▶ Problem details
Please transcribe the data that follows without the pictures, keeping every word the same.

▶ Source data
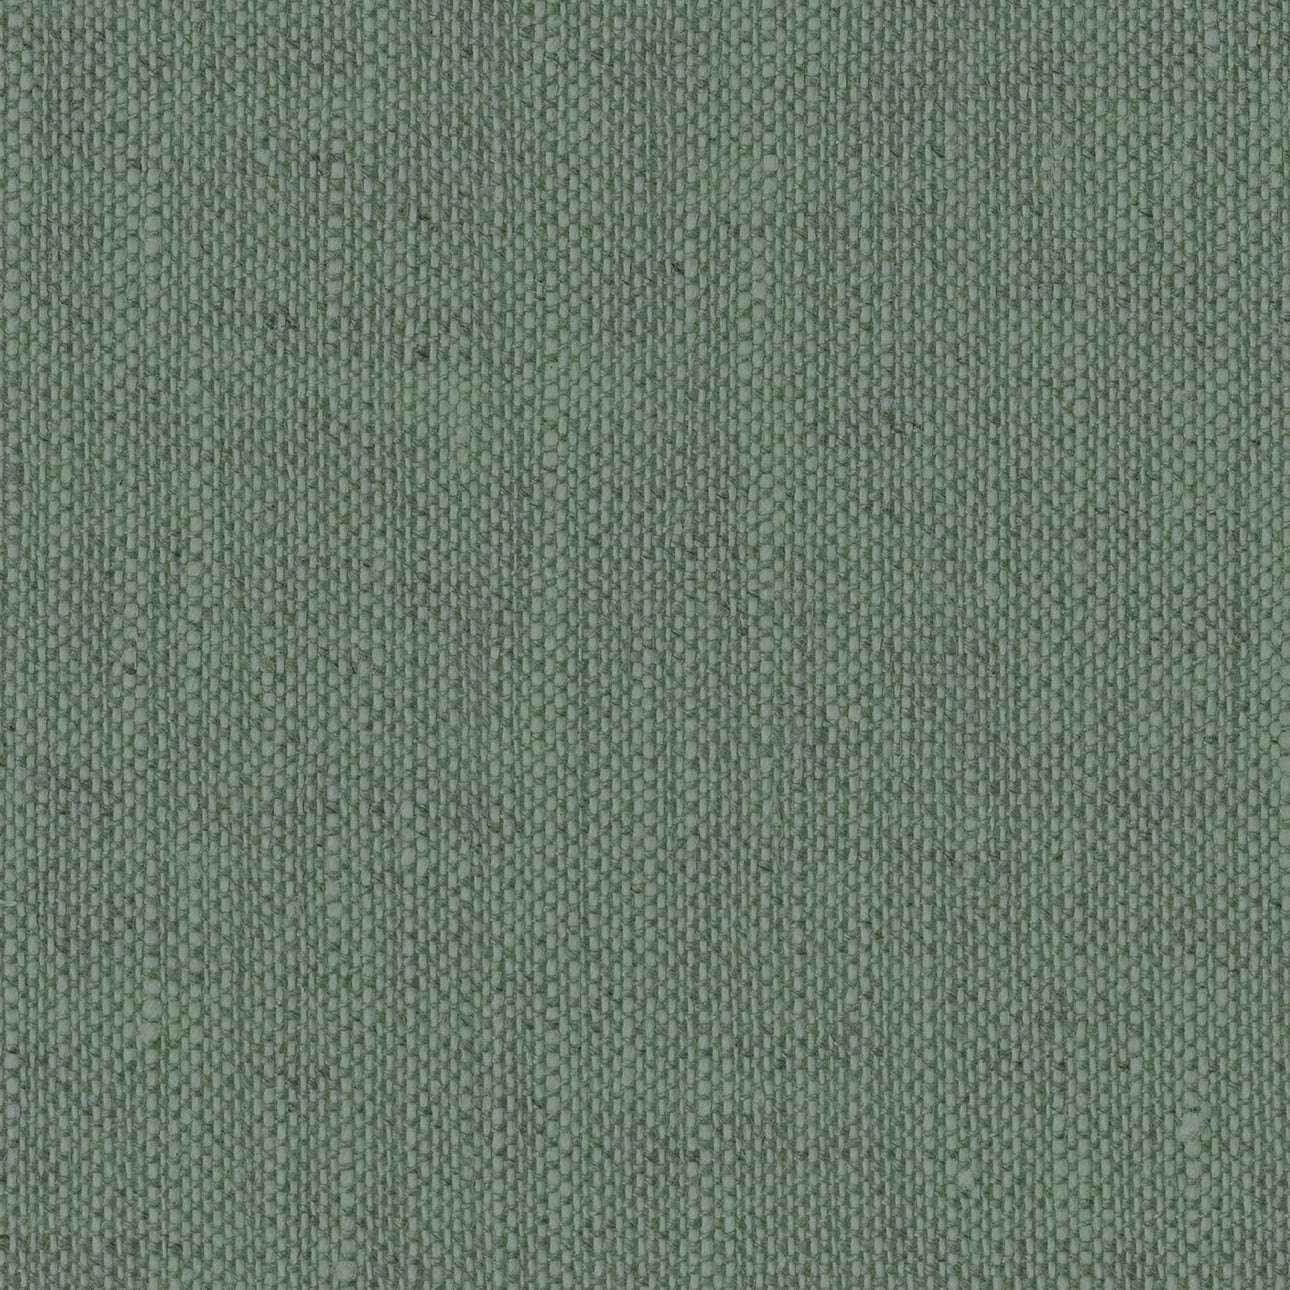 Podwiązka Victoria w kolekcji Christmas, tkanina: 159-08
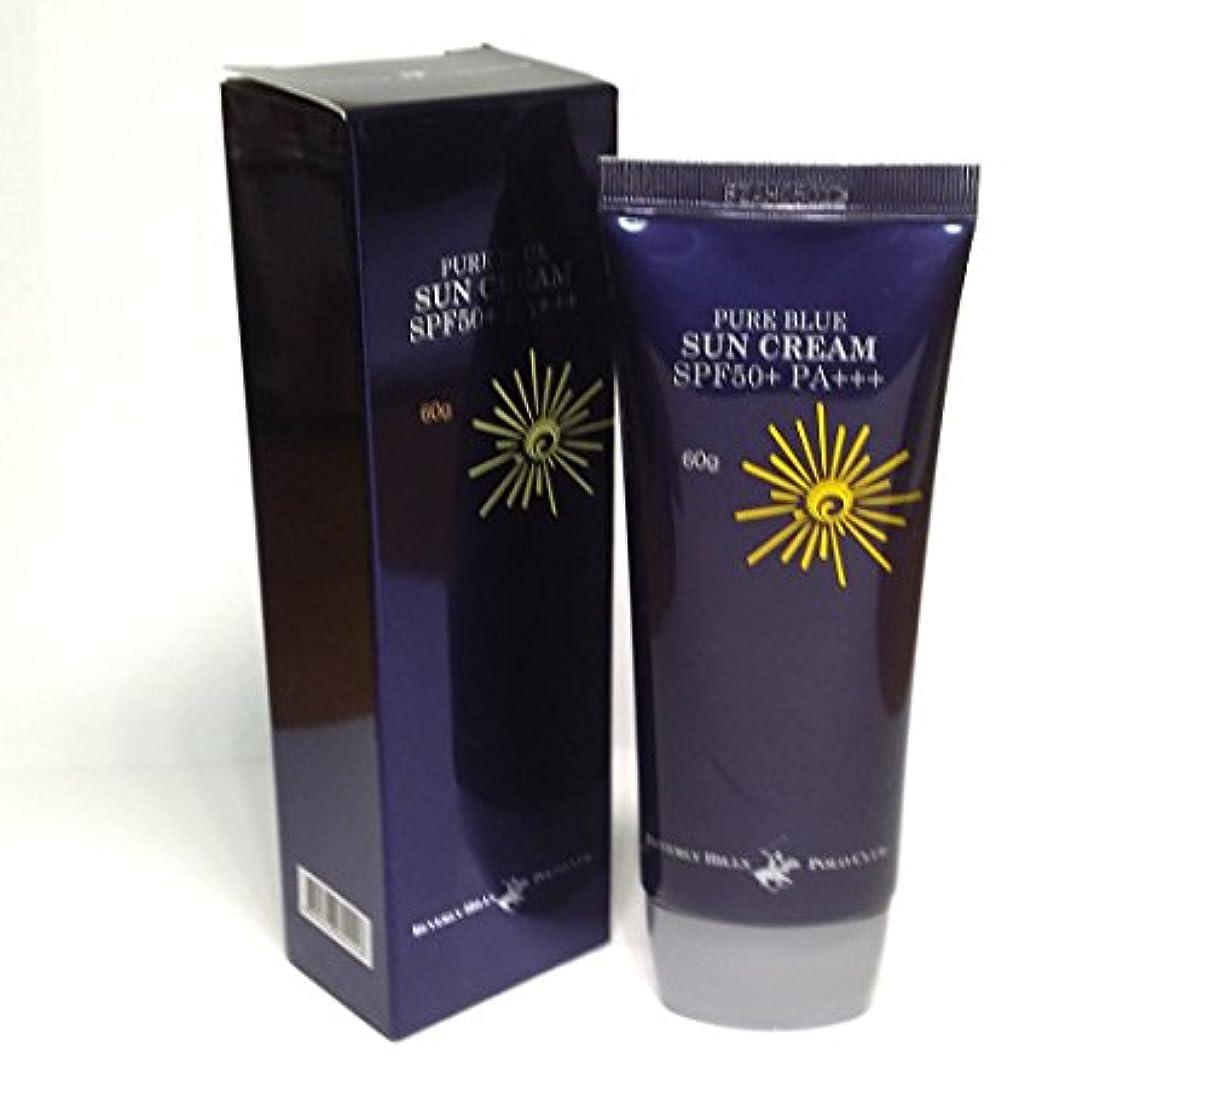 来て最大限現在[BEVERLY HILLS POLO CLUB] ピュアブルーサンクリームSPF50 + PA +++ 60g X 1ea / 韓国化粧品 / Pure Blue Sun Cream SPF50+ PA+++ 60g...
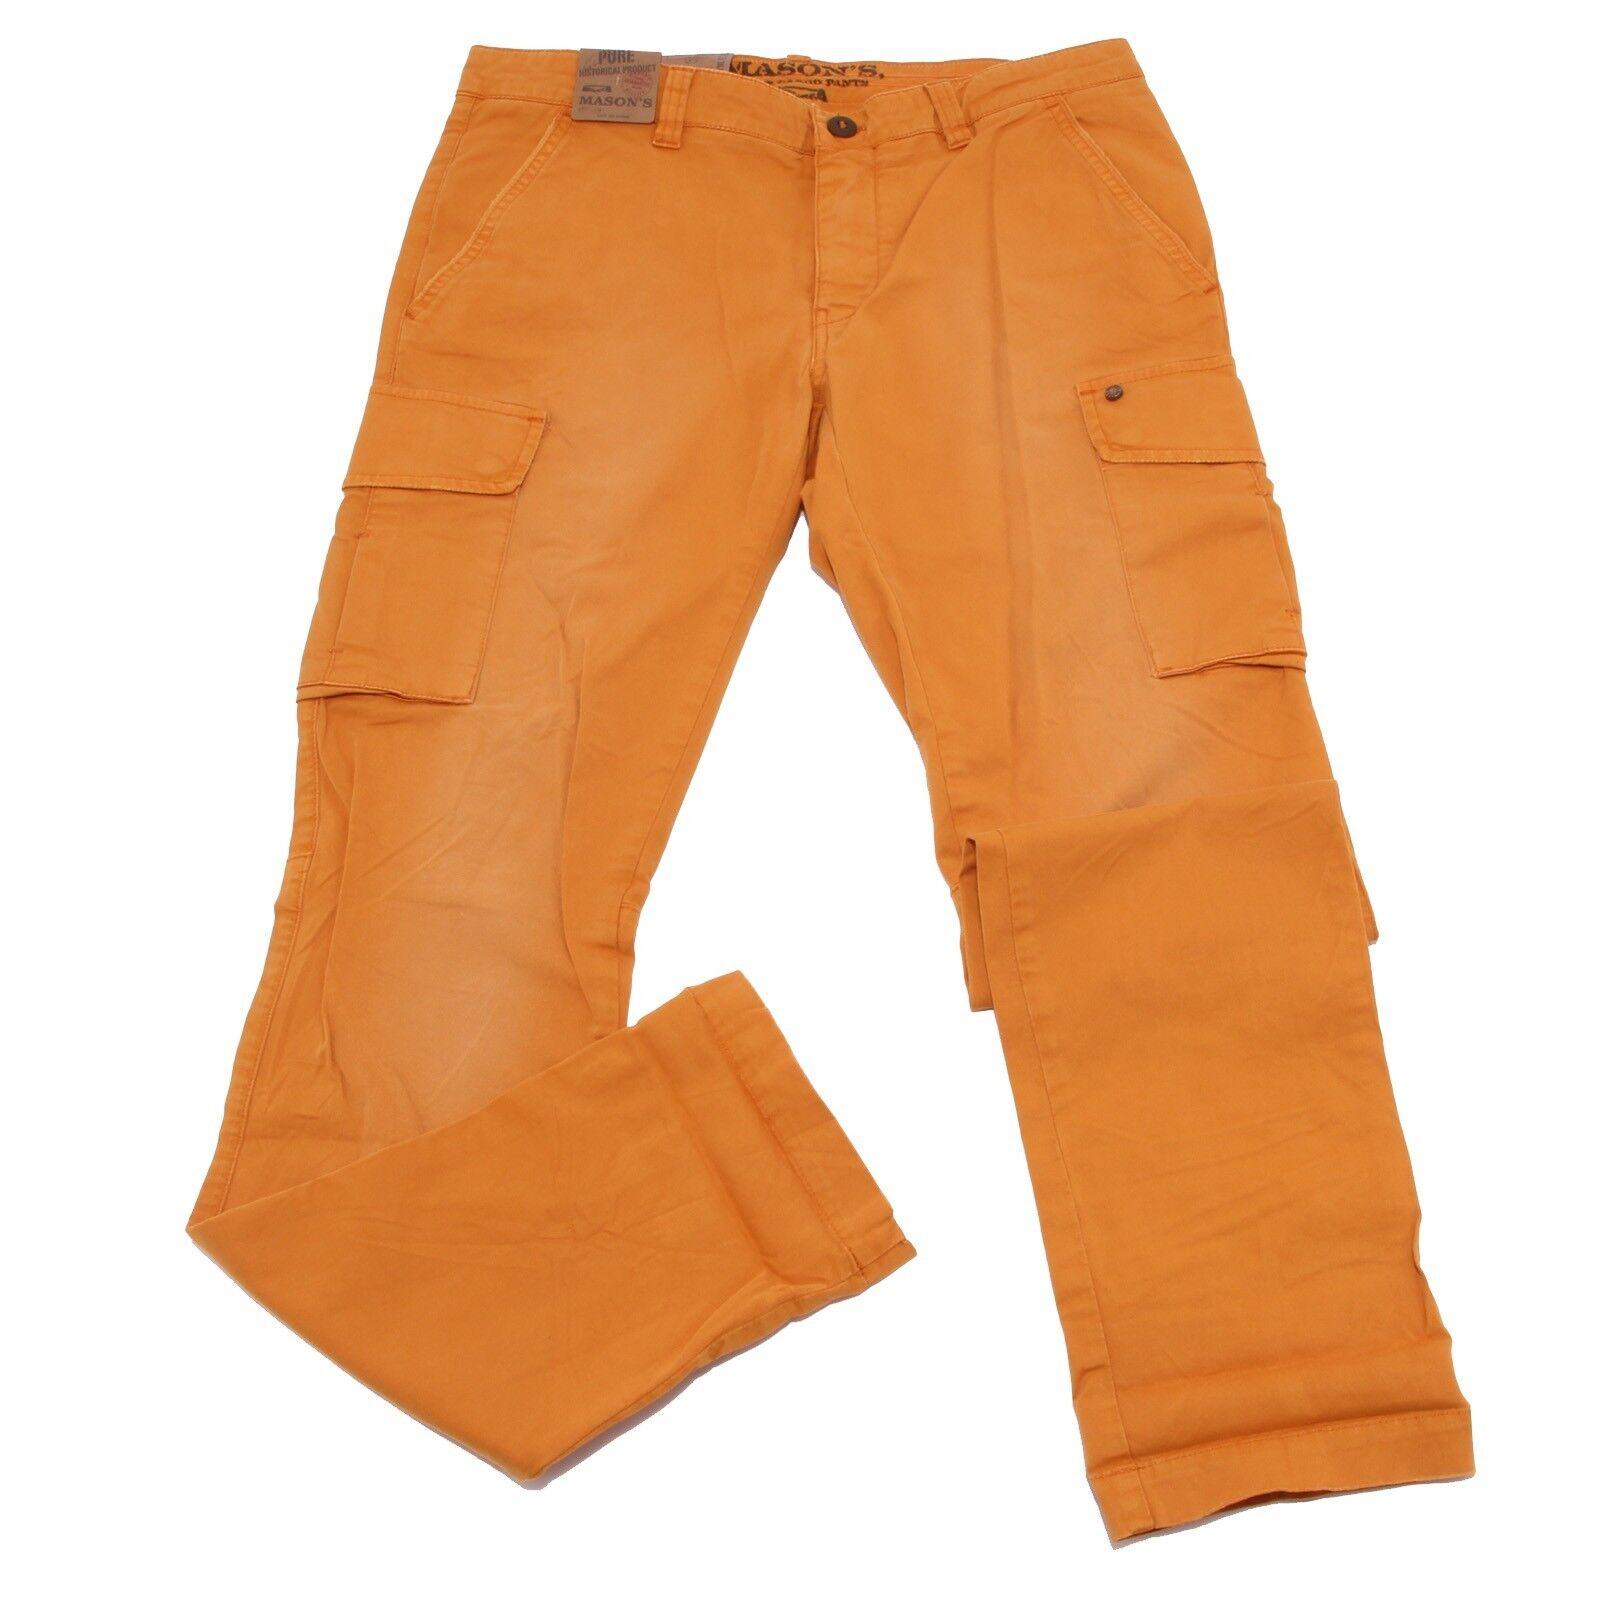 1806W 1806W 1806W pantalone uomo MASON'S arancia cotton trouser pant man c42fba

▶ The completed task
 Podwiązka Victoria w kolekcji Christmas, tkanina: 159-08
 来て最大限現在[BEVERLY HILLS POLO CLUB] ピュアブルーサンクリームSPF50 + PA +++ 60g X 1ea / 韓国化粧品 / Pure Blue Sun Cream SPF50+ PA+++ 60g...
 1806W 1806W 1806W pantalone uomo MASON'S arancia cotton trouser pant man c42fba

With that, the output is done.